Work instruction: Below is a listing with pictures in it; transcribe exactly the lines from the one that has "Pickled Red onions" through the one that has "Expedited shipping methods", and omit those pictures.

Extracted material:

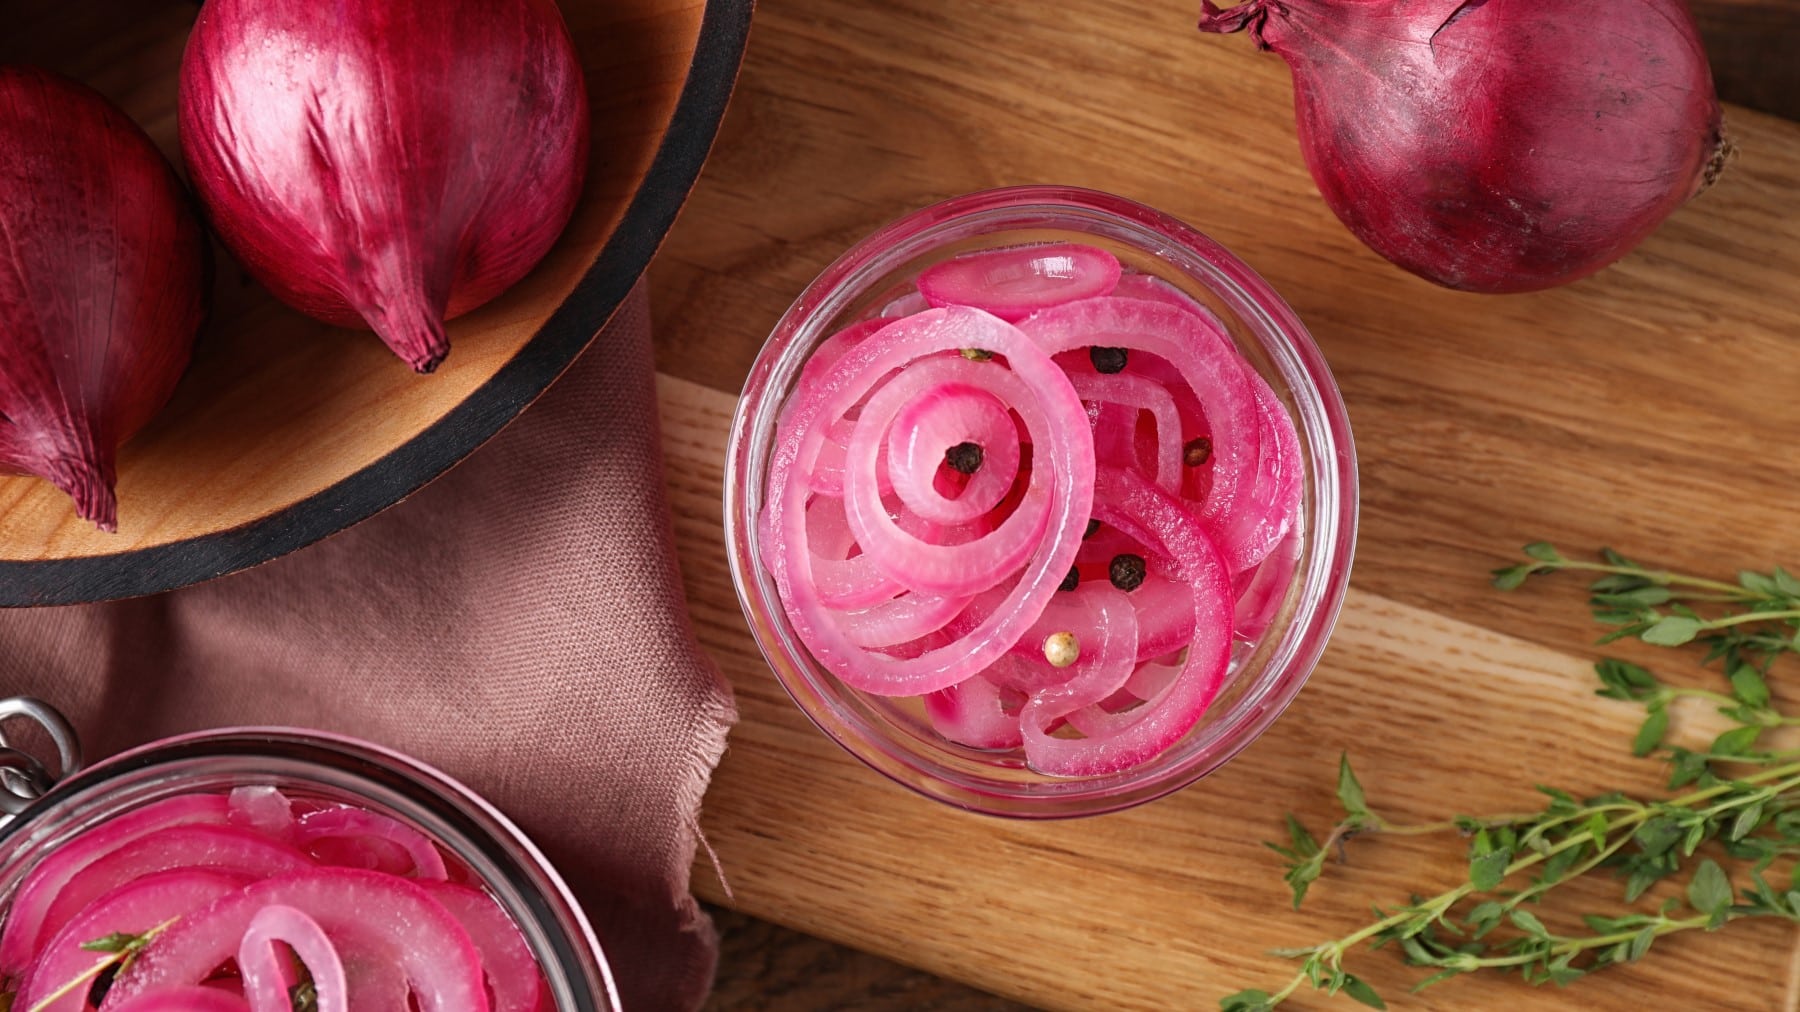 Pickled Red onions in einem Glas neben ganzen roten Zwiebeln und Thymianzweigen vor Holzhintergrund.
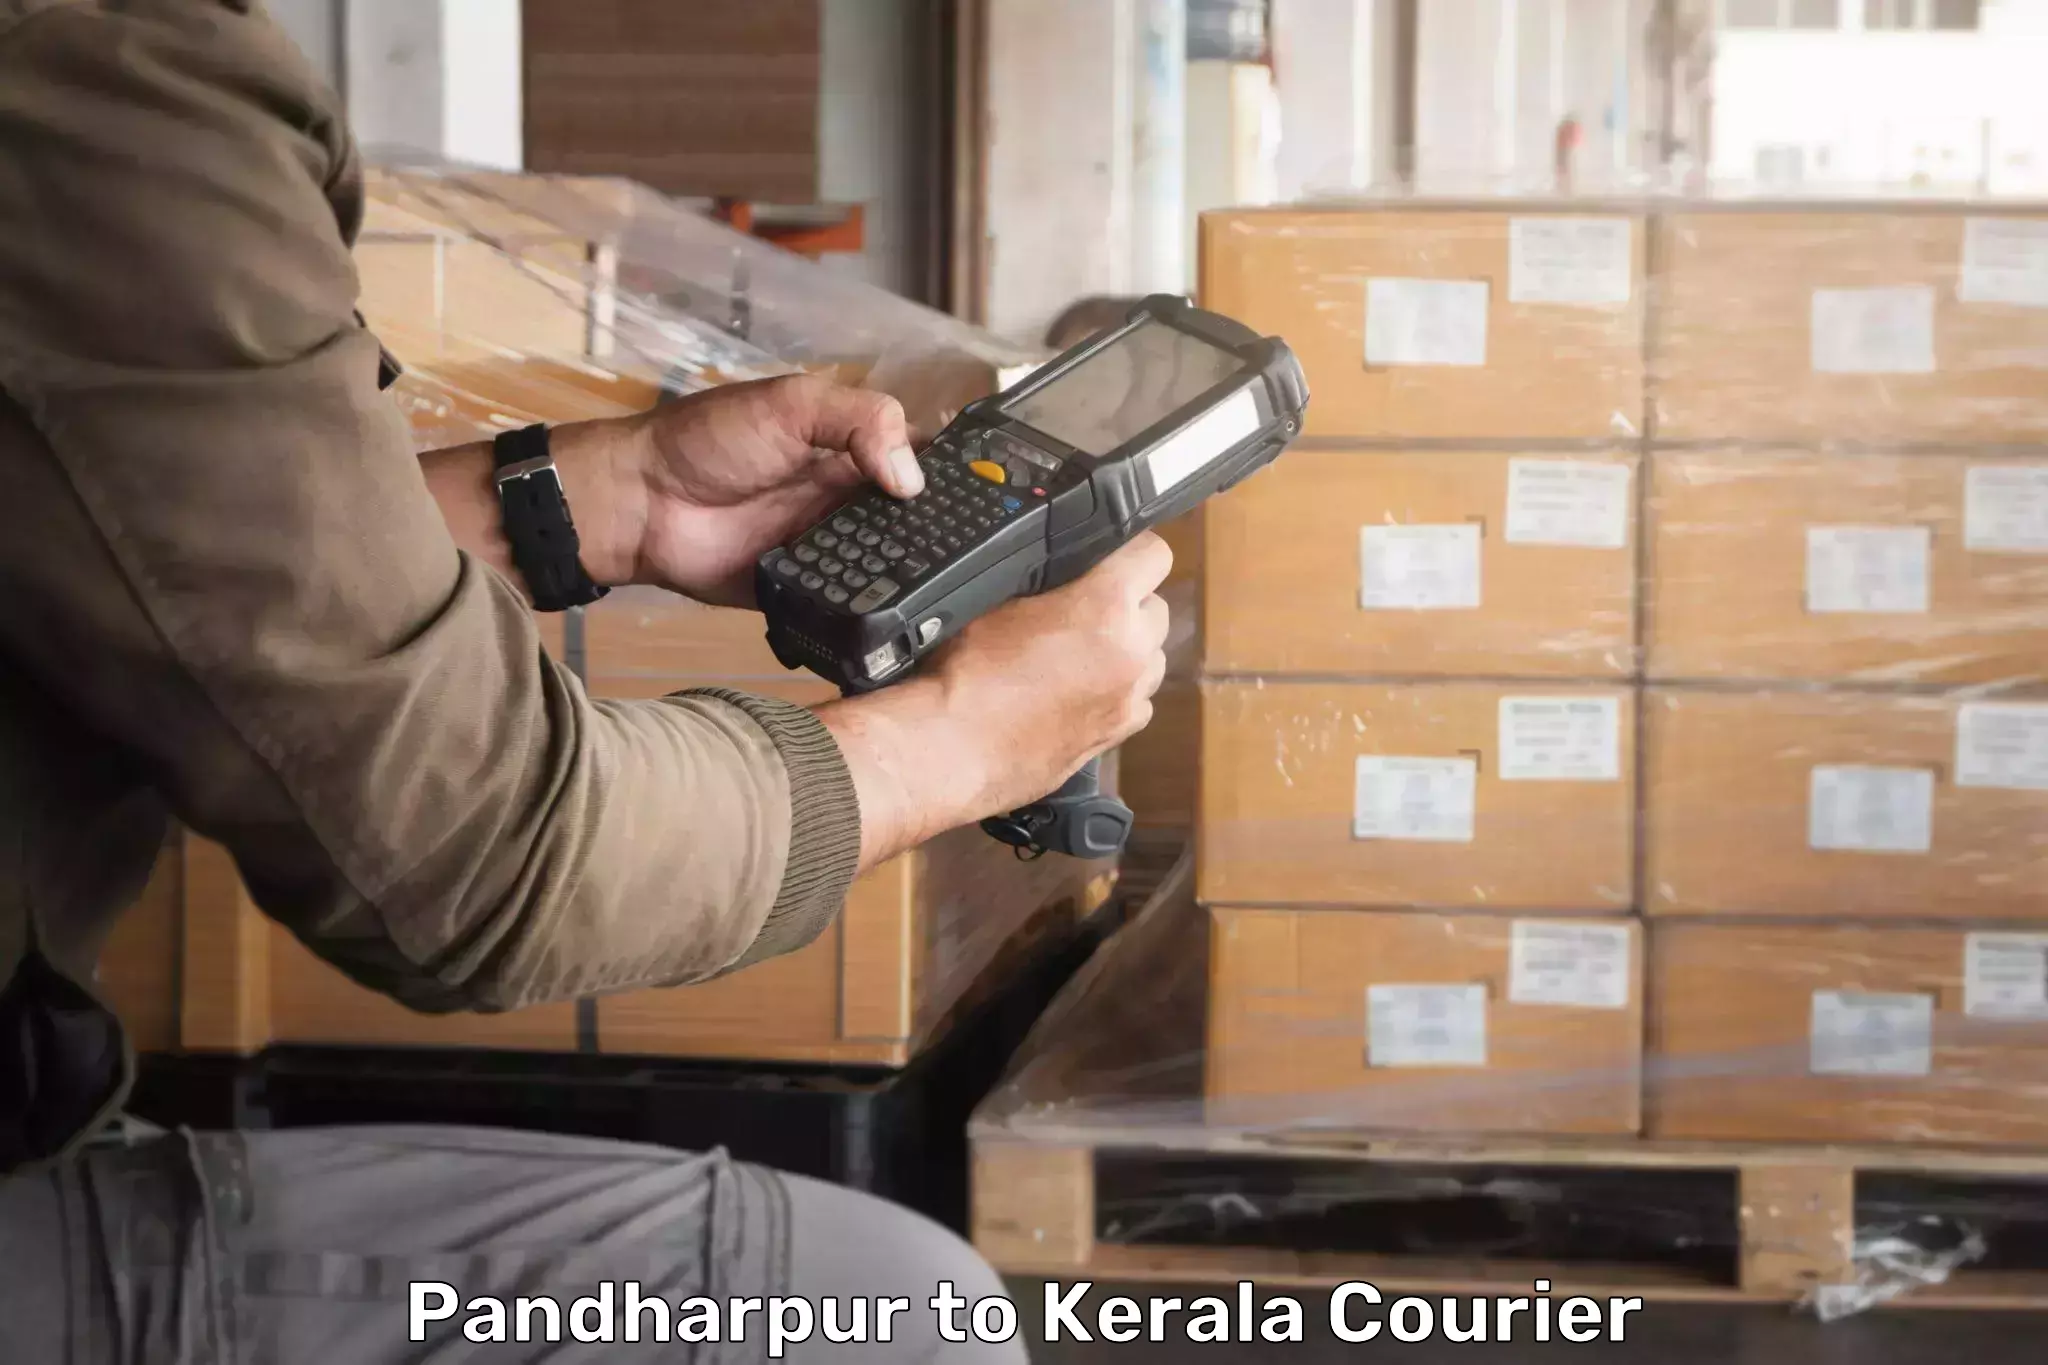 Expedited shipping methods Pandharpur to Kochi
--
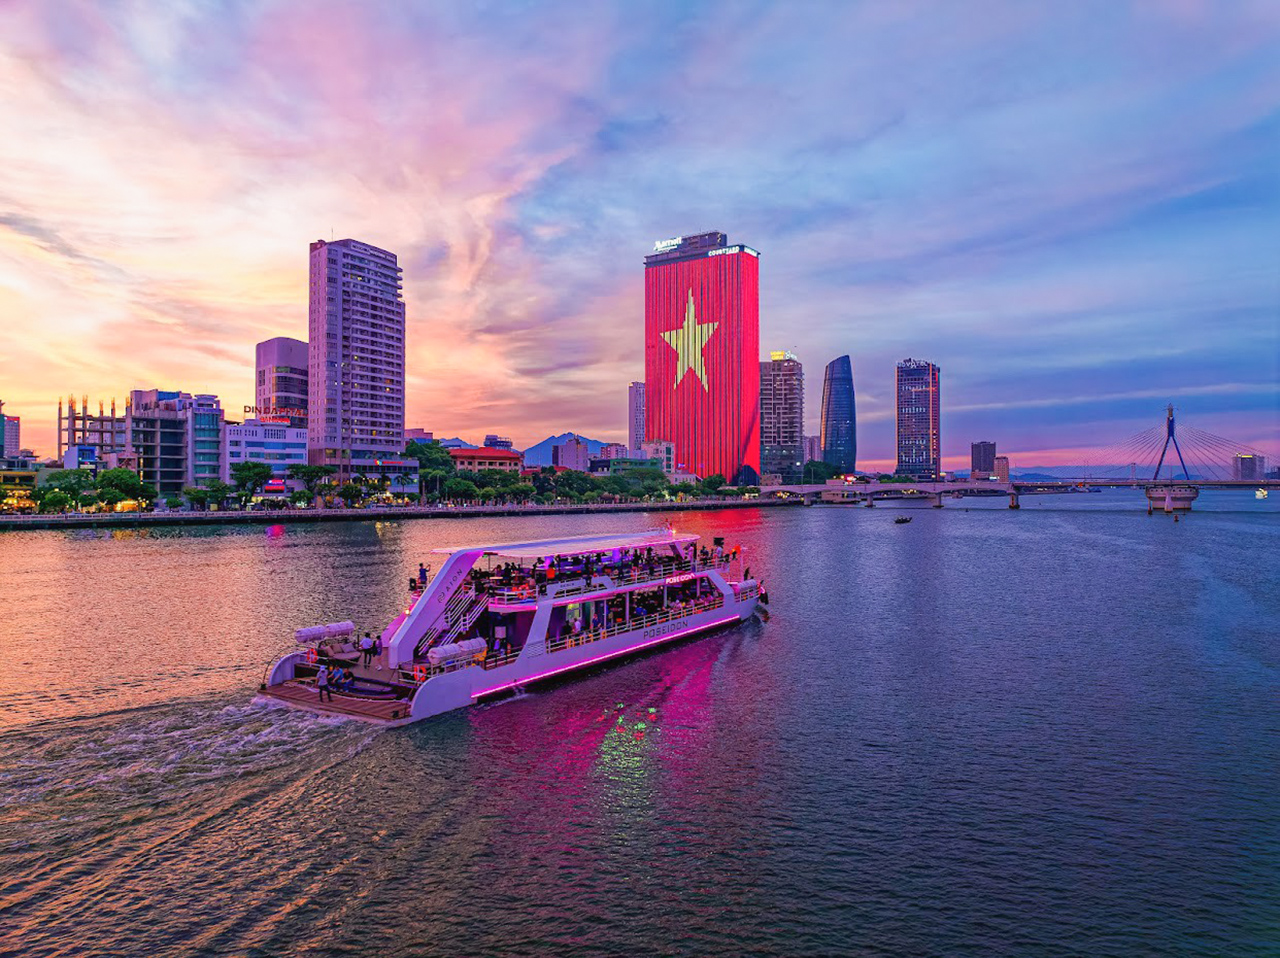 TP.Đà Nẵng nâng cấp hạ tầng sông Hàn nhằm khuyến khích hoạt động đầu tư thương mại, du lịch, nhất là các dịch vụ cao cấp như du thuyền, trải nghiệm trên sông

Output for this task:
 Pickled Red onions in einem Glas neben ganzen roten Zwiebeln und Thymianzweigen vor Holzhintergrund.
 Expedited shipping methods Pandharpur to Kochi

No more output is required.